With the CPFTA the scope of contracts that can be canceled by consumers was extended to time share related contracts and long-term holiday product contracts.

How to cancel a contract under the CPFTA?

To cancel a contract, the consumer should give the supplier a notice of cancellation in writing of the consumer’s intention to cancel the contract. A specific form has been provided to be used by the government. The necessary information to be included is:

  • The name of the supplier;
  • A reference to the contract;
  • Consumer name and address;
  • Optional email and phone number
  • Date and signature

The notice should also contain a clear statement that the consumer wishes to exercise their right to cancel the contract under the Consumer Protection (Fair Trading) (Cancellation of Contracts) Regulations.

There are three options to deliver a cancellation notice:

  1. Personal delivery to the designated person;
  2. Delivery through pre-paid post to the designated address of the supplier;
  3. By facsimile transmission to a facsimile number designated in the consumer notice.

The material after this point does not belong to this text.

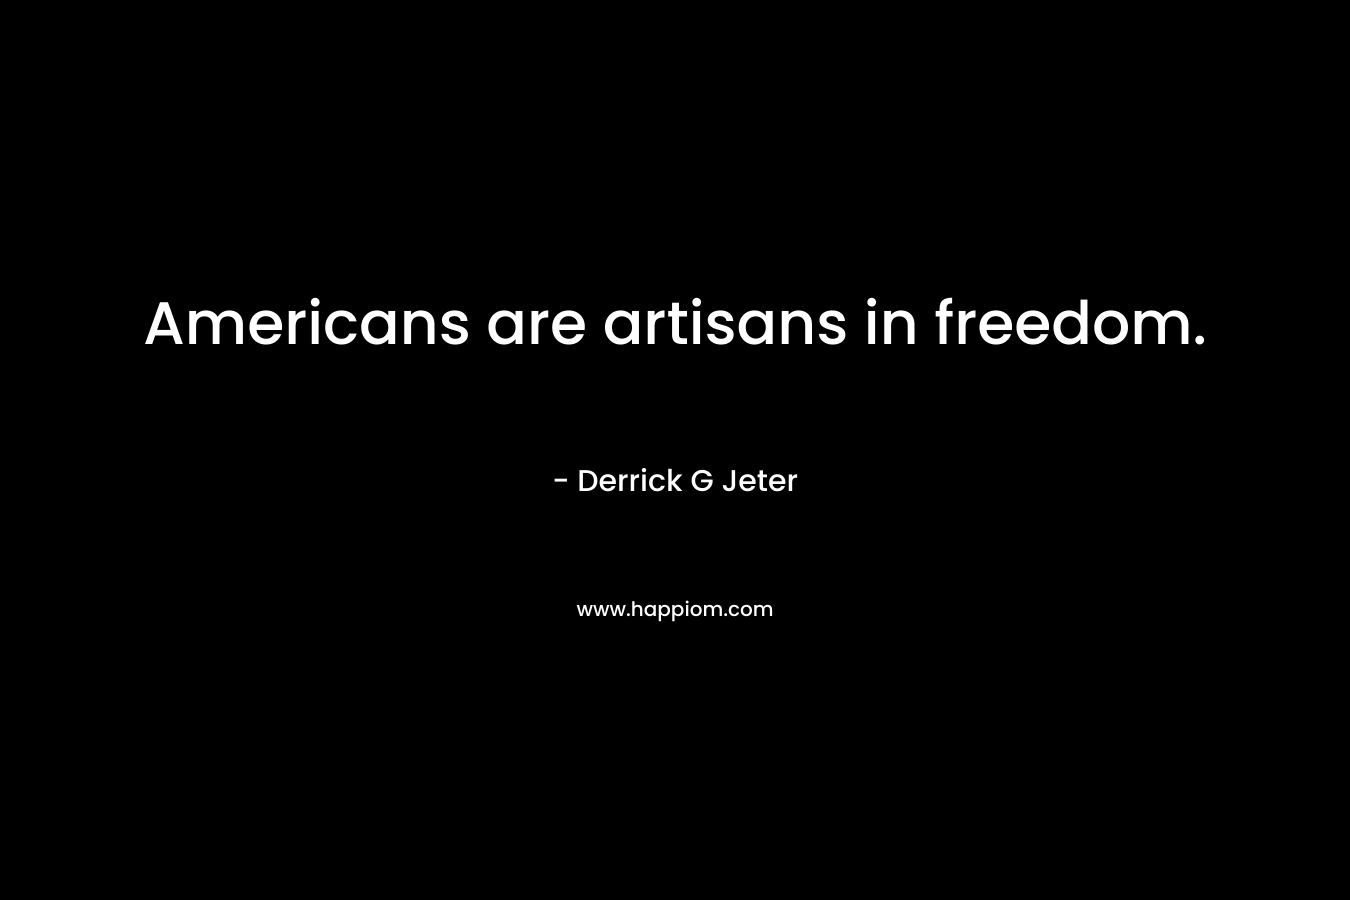 Americans are artisans in freedom. – Derrick G Jeter

A notice of cancellation sent by a pre-paid post is deemed to have been given at the time of posting, whether or not it is actually received. It is, however, advisable to use the services of a registered post.

What is the cancellation period?

The consumer has a right to cancel a regulated contract within 5 days. This does not include weekends (Saturday and Sunday) and public holidays. These are not counted within the 5 days period.

The period starts after the day on which the consumer entered into the contract or after the consumer has been provided with an information notice by the supplier. The information notice includes the following details:

  1. Name of the supplier;
  2. Supplier’s reference number, code or other details to enable the transaction to be identified.
  3. Designated person(s) to whom notice of cancellation to be given, including at least one name and at least one address or facsimile number.

During the cancellation period, the supplier should not request or accept payment of any sum or other consideration in contemplation of or under a long-term holiday product or a timeshare contract.